4. Ahead of schedule, adding the network monitoring system host itself to IPv6 as it’s also a IPv4 stratum 3 NTP host, but probably not doing any work on monitoring via IPv6 until the planned date due to time.

We’ve a timeline of work for the IPv6 deployment for the next month which might be of interest to some and at the same time we’ve work updating the hardware and operating systems for certain core services. There’s other services that will also need to support IPv6 but I don’t want to plan at an operational level for much more than a month ahead since unexpected additional tasks tend to crop up and skew the dates.

In brief we’re enabling IPv6 to our server room and starting the first core service upgrades, in some cases mixing the migration in with a standard hardware/software refresh (where combining the tasks makes the migration simpler rather than harder). The dates reflect the weekly JANET at risk period for maintenance, Tuesday 7:00am-9:00am.

You might think that we could enable core services faster however the above is one persons work from a four man team – we will have normal duties and other projects underway during this period (the team manages 22 public services and about 13 internal services (physical network monitoring, telecoms integration etc).

The enabling of the first part of the OUCS server room this morning (and the background research/testing as well as the notes this section is based on) was done by another team member however the essential features are that we’re providing IPv6 to the server room with router advertisements disabled, meaning dual stacked servers run by other teams won’t suddenly obtain an IPv6 address automatically. We can get on and IPv6 enable our teams services with a statically configured address without disrupting others. The configuration on a cisco device looks like

ipv6 nd ra suppress
ipv6 nd prefix default 2592000 604800 no-autoconfig

The Cisco IPv6 command reference for nd is available online. In the example above ignore the numbers which are just defaults for valid-lifetime and preferred-lifetime in seconds (normally for a specific network prefix, which we do not need in this case) via router advertisement. The important part is the ‘suppress’ and ‘no-autoconfig’.

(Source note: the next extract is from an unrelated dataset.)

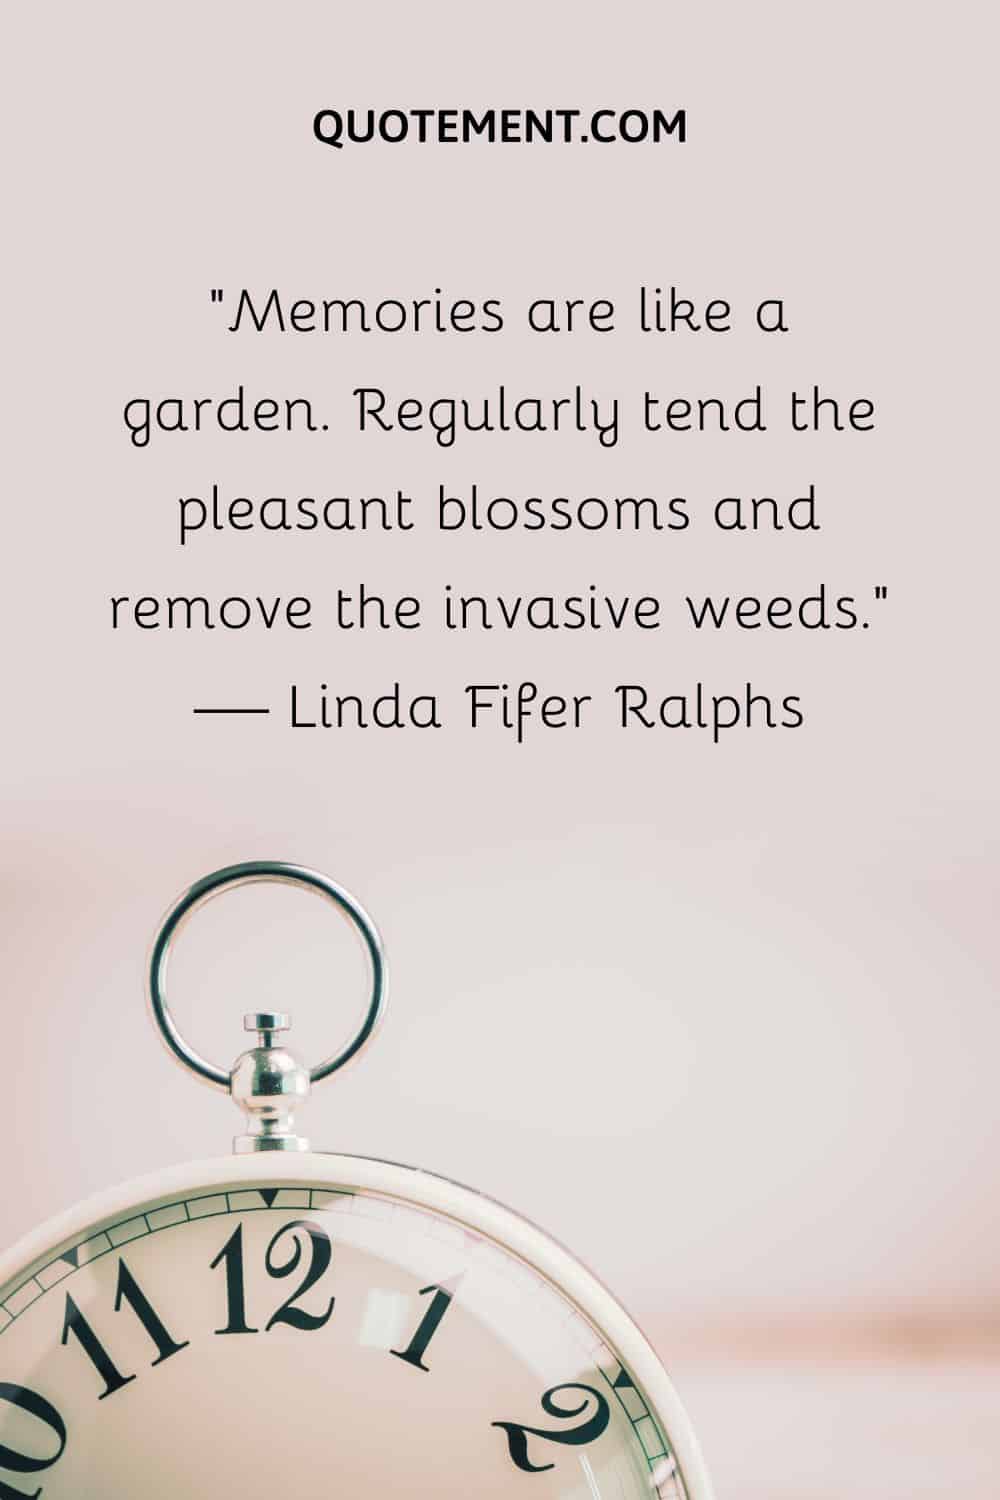 Memories are like a garden
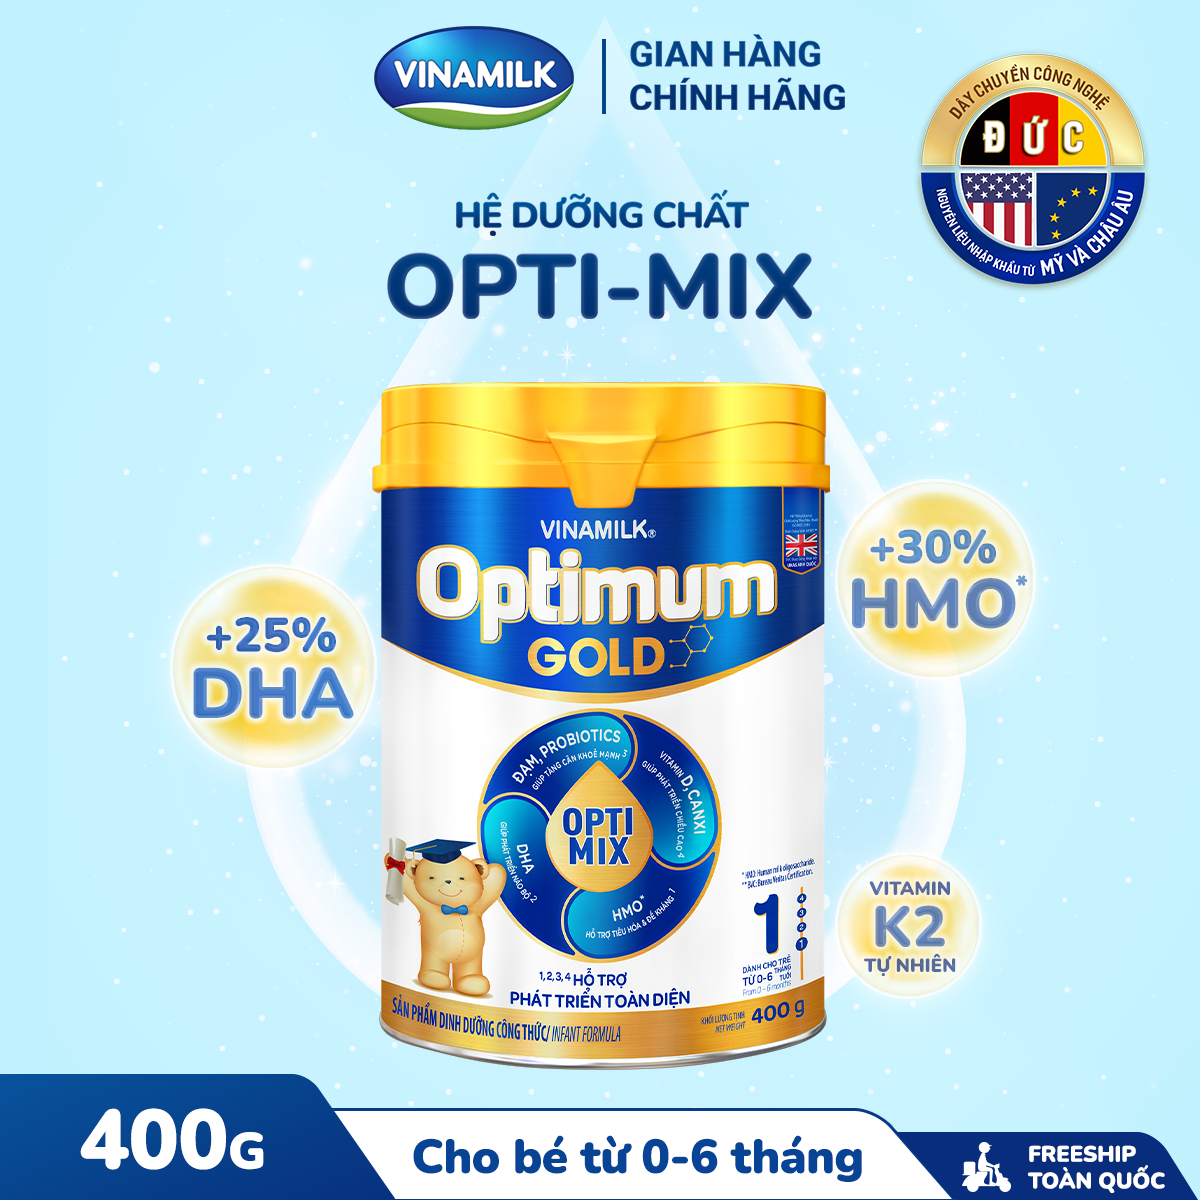 Hộp Sữa bột Vinamilk Optimum Gold 1 - Hộp thiếc 400g (cho bé từ 0 - 6 tháng tuổi) Sữa cho trẻ sơ sinh hỗ trợ phát triển toàn diện, chất lượng quốc tế

The first line tells the router that for ipv6 neighbour discovery it should suppress periodic router advertisements. The second line instructs the router that if asked it should tell the client not to use autoconfiguration for the network. In technical terms, when it gets a request from a client it will respond but in the Prefix Option (see RFC2461) the A-bit is cleared, meaning that the client must not use autoconfiguration for that prefix.

For further information see this c-nsp thread on RA/RS messages and also this other thread.